# Need feedback on new comics I'm doin'



## skiptown (Nov 13, 2008)

So this is my first time drawing comics. I have never really done this style of art, especially following a sequencial story line. I was hoping y'all could look at the first page and give me some feedback. Specifically things like what do you think is going on so far, what do you think the relationship is between the two characters, can you tell what all the drawings are (especially the food plate in the third frame), if the perspective looks ok and at least semi-realistic etc. I would greatly appreciate any pointers. My scanner sucks and made it kind of blurry and cut the edges off a bit, but I think its still pretty readable if you open it to the whole page.


----------



## Benny (Nov 13, 2008)

I'm having a hard time reading everything but the depth perception and art is great.


----------



## skiptown (Nov 13, 2008)

If you click on the bar at the top of the comic photo it will open in a new page and let you use the magnifying glass tool to enlarge it to its real size which should help with reading that tiny ass writing.


----------



## Benny (Nov 13, 2008)

Now i can read it. i saw the top bar but not the magnifying cursor. haha...i may be wrong but it looks like your ready to get the fuck out of Oakland. Are you writing over 99 probs but a bitch aint one?


----------



## skiptown (Nov 13, 2008)

that was written on the wall at my old house. The story takes place in the summer of 2006. What did you think the relationship was between the two characters? Could you tell the food was tacos?


----------



## Benny (Nov 13, 2008)

I'm not sure what the relationship is between the characters but I know those are tacos by the limes and two tortillas on each one. You have great attention to detail. He's even drinking a Tecate.


----------



## skiptown (Nov 13, 2008)

Its supposed to be me and my roommate and in the last frame I'm talking about my dude at the time. I just wanted to make sure it could appear that Clint and I were living together, but that there wasn't a romantic overtone since we're just buds.


----------



## Benny (Nov 13, 2008)

That is the only thing that I didn't get.

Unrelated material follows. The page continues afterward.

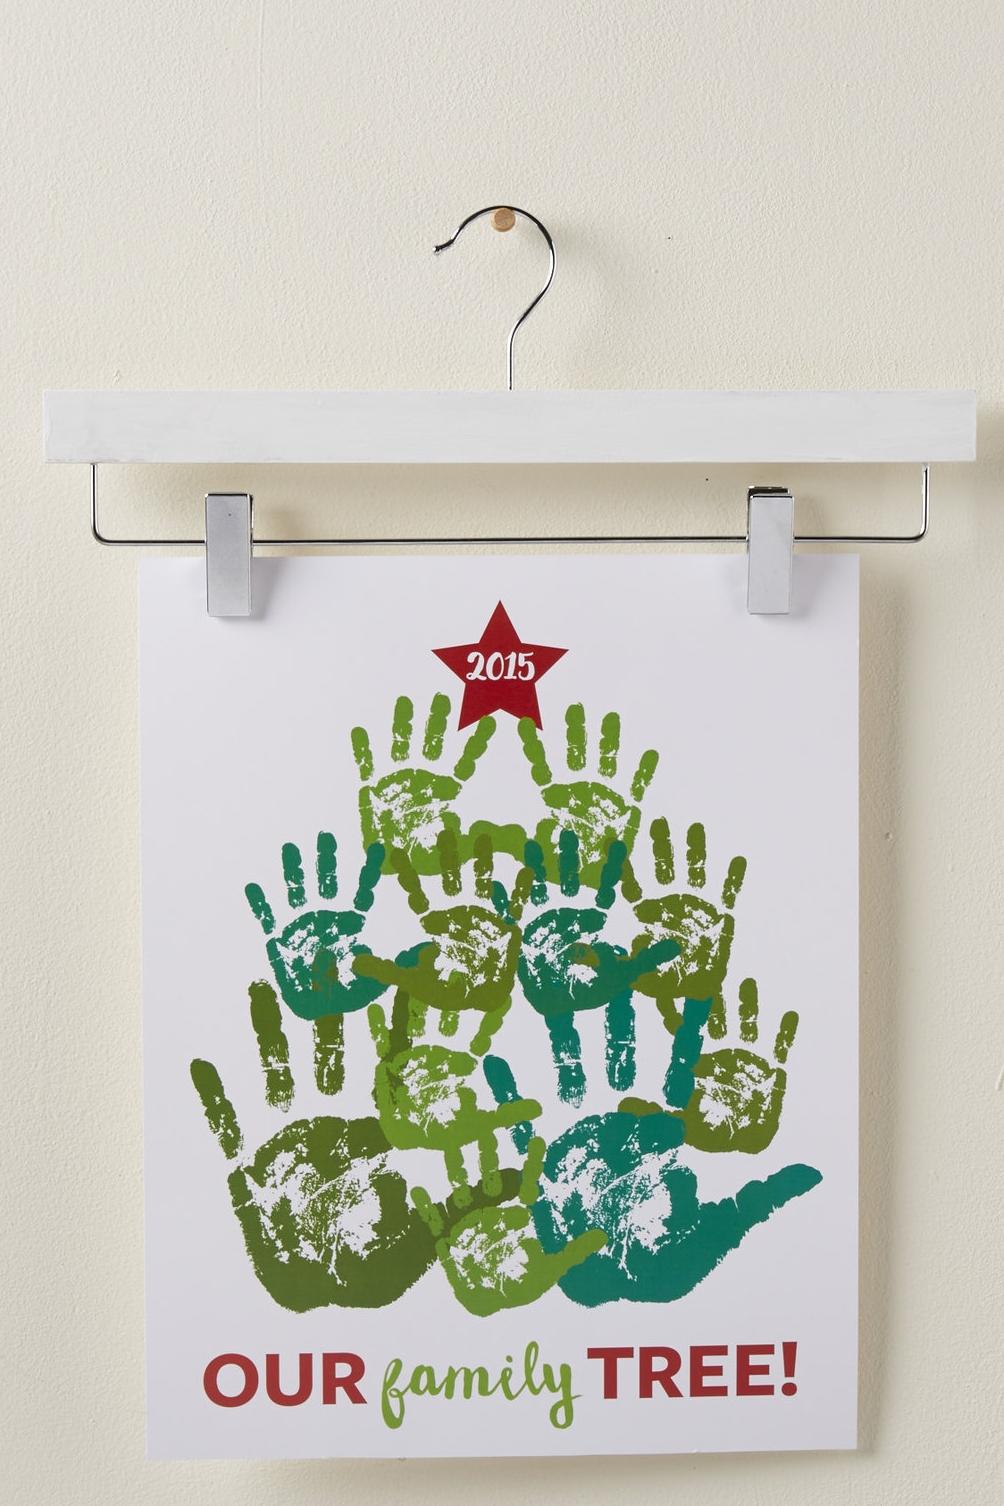 Holiday Handprint Tree  for  Carter's |  Steve Pomberg

It seems like you are talking to the viewer about your boyfriend who is puking.


----------



## skiptown (Nov 13, 2008)

gotcha. I will make sure to clarify that in the next page. I am so fucking glad you knew those were tacos. My roommate thought they were pancakes and her boyfriend was all "I dunno....tiny fancy elf food?"


----------



## Benny (Nov 13, 2008)

I live in southern California....I know what tacos look like. haha. good job


----------



## skiptown (Nov 13, 2008)

good. No one in the pacific northwest has any idea what a taco is supposed to be. They think tacos are supposed to have HARD SHELLS!!! As a taco enthusiast, it is the thing I miss most about Oakland.


----------



## dirty_feet (Nov 13, 2008)

Oh my god tacos. Give me a mutha fuckin' TACO!!!!! Yeah - I could tell they were tacos - definitely. 

Nice rooftop scene! I assumed a platonic relationship due to your positions on the couch, just hanging out and around.

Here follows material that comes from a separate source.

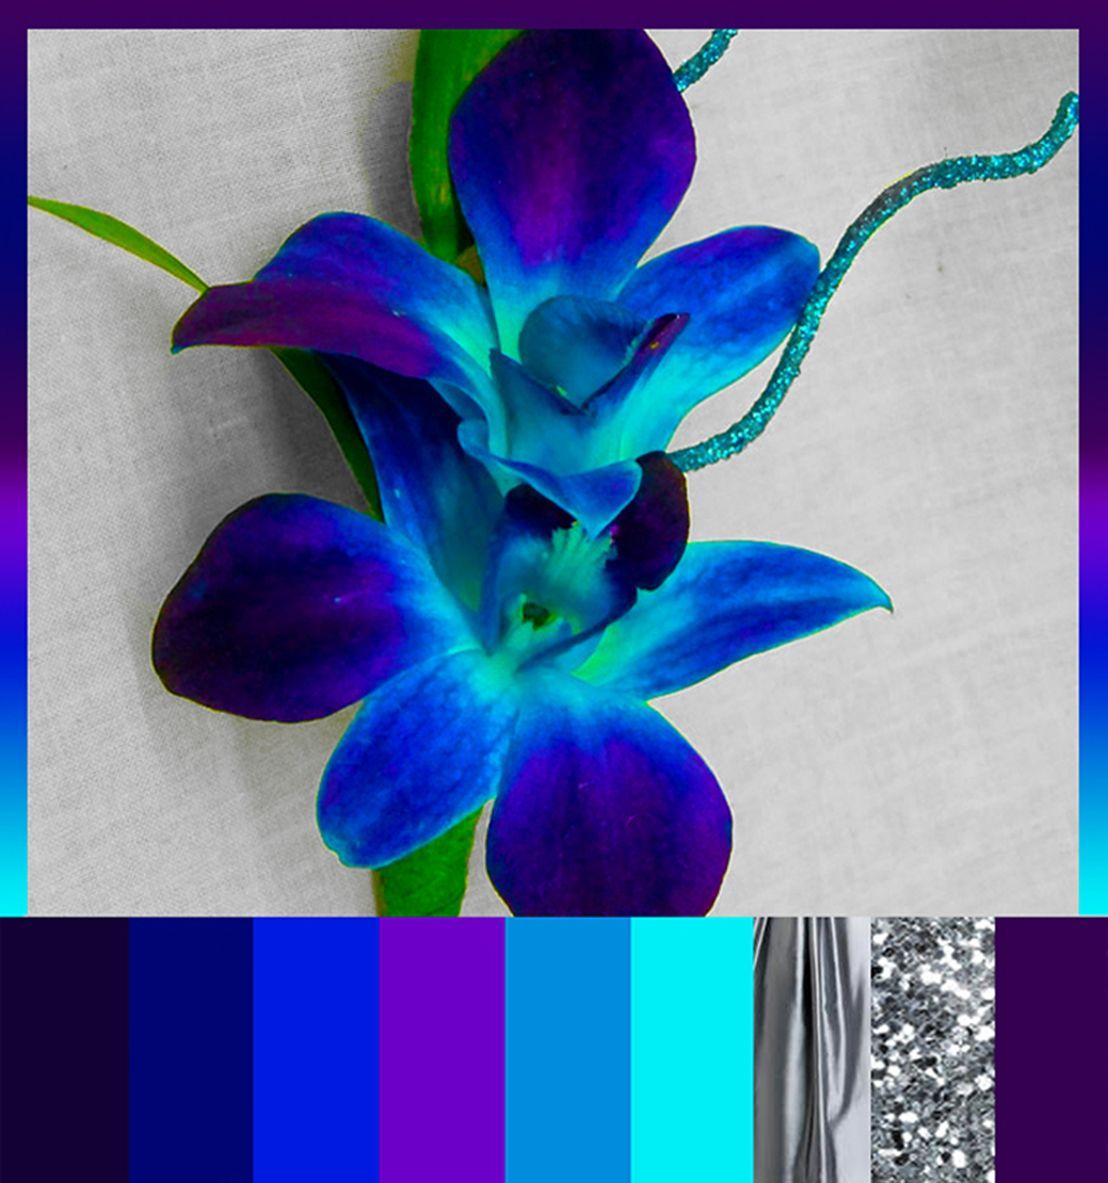 les 25 meilleures id es de la cat gorie orchid es bleues sur pinterest orchid e bleue mariage. Black Bedroom Furniture Sets. Home Design Ideas

I really like it - you did a good job!


----------



## elokupa (Nov 13, 2008)

a tortilla as i know it is a fried potato omelette..?

anyways, I found the roof tiles and the puking guys hair particularly impressive


----------



## macks (Nov 13, 2008)

it's sweet how everything isn't divided into boxes, but you can still follow it. those are definitely tacos. cool comix!


----------



## finn (Nov 13, 2008)

I can tell what's going on, but the level of detail is pretty incredible and it looks time-consuming... I'd try to have a few squares have less detail, so that the more important parts of the story stick out more, that way I could save some time, but that just might be me.


----------



## skiptown (Nov 14, 2008)

thanks for all the feedback guys n' gals. I really appreciate it.


----------



## zarathustra (Nov 24, 2008)

Maybe you could add a bit more value/shading to draw the eye to important things...I've done a decent amount of graphic novel stuff, I'll upload something.


----------



## skiptown (Dec 10, 2008)

Hey, I'd be stoked to see some of your stuff. Upload!


----------



## ReturnTrip (Mar 10, 2009)

Youre comics are sick skip. you have real artistic talent. I draw some comics but most of them arent as detailed at all and they're just short strips of dry humor from someone whos done way too many hallucinogens:
Bolgia


----------



## john1158 (Mar 10, 2009)

the add/c shirt rules....
i only met you the one time but i would know thats you in the comic....
looks really good....
i alos really want tacos now as well....


----------



## katiehabits (Mar 15, 2009)

i really like the drawing with color. i can't really read what the comic says tho.


----------



## Arapala (Apr 20, 2009)

DUDE!!! These are so awesome! I want to see more!
Do you have a website or anything? You should do some drawings for some zines or something, thatd be rad!


----------



## moe (Jul 4, 2010)

if ur still around here, i'd just like to say the artwork is great. and would like to see more!


----------



## BrittanyTheBananarchist (Jul 4, 2010)

definently awesome! i really like all the textures u used on the ppl and such. very cool!


----------